The Marc Pease Experience
D+

The Marc Pease Experience

D+

The Marc Pease Experience

Director: Todd Louiso
Runtime: 80 minutes
Rating: PG-13
Cast: Jason Schwartzman, Ben Stiller, Anna Kendrick

The shadow of Rushmore looms over Jason Schwartzman’s performance in The Marc Pease Experience, but Todd Louiso’s highly unanticipated follow-up to the 2002 miserablist snoozer Love Liza bears an unfortunate resemblance to more recent comedies as well. The film’s broad take on the self-delusion endemic to the high-school musical-theater world suggests Hamlet 2 minus the laughs, its a cappella subplot invites unflattering comparisons to Ed Helms’ instrument-free crooning in The Office, and Schwartzman’s high-school girlfriend recalls Seth Rogen’s barely legal lady-love in Pineapple Express. Louiso’s misfiring comedy feels less like a comic feast than a thrown-together assemblage of haphazardly nuked leftovers.

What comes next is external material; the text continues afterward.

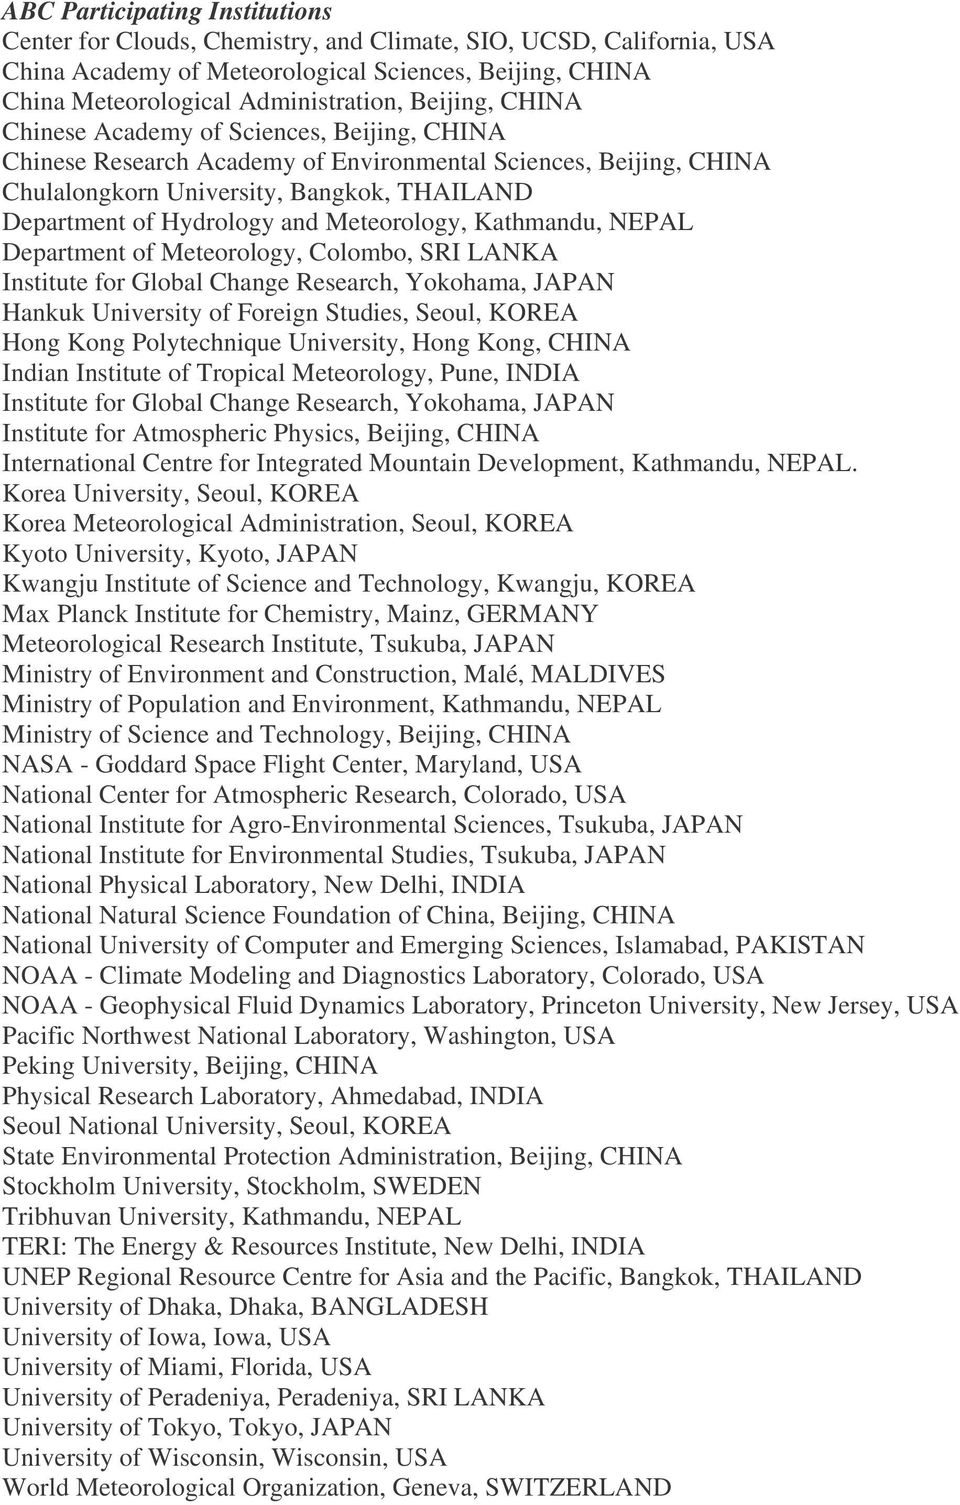 Meteorology, Kathmandu, NEPAL Department of Meteorology, Colombo, SRI LANKA Institute for Global Change Research, Yokohama, JAPAN Hankuk University of Foreign Studies, Seoul, KOREA Hong Kong

In a squandered lead performance, the adorable, winning Schwartzman plays the non-adorable, non-winning title character, a myopic dreamer who never recovered from freaking out and humiliating himself during a high-school performance of The Wiz. Eight years later, Schwartzman still hasn’t moved on. He hangs out at the high school, where he’s dating senior Anna Kendrick and badgering would-be mentor Ben Stiller, a musical-theater phony who’s fucking Schwartzman’s girlfriend when not ducking his calls. Schwartzman has finally raised the money to record a demo for his a cappella group, but would-be producer Stiller has no interest in further encouraging Schwartzman’s fantasies of a music career.

Stiller and Schwartzman look like long-lost brothers. Even more disconcertingly, they seem to be playing variations on the same character, both smiling cheeseballs who’ve internalized the smarmy artificiality of the musical-theater world to the point where even their true selves are phony. The difference is that Schwartzman is a sweetheart/true believer and Stiller is an oily cad, though neither character is developed enough for the pathos of having pathetic dreams crushed to have any resonance. Character-actor-turned-filmmaker Louiso has delivered another sad, joyless downer disguised as a goofy chucklefest; it’s almost impressive that he’s made a broad comedy about musical theater and a cappella singing that’s every bit as depressing as the gas-huffing hijinks in Love Liza. Who could have guessed a concept as promising and long overdue as a musical Jason Schwartzman vehicle would lead to such a regrettable little nothing?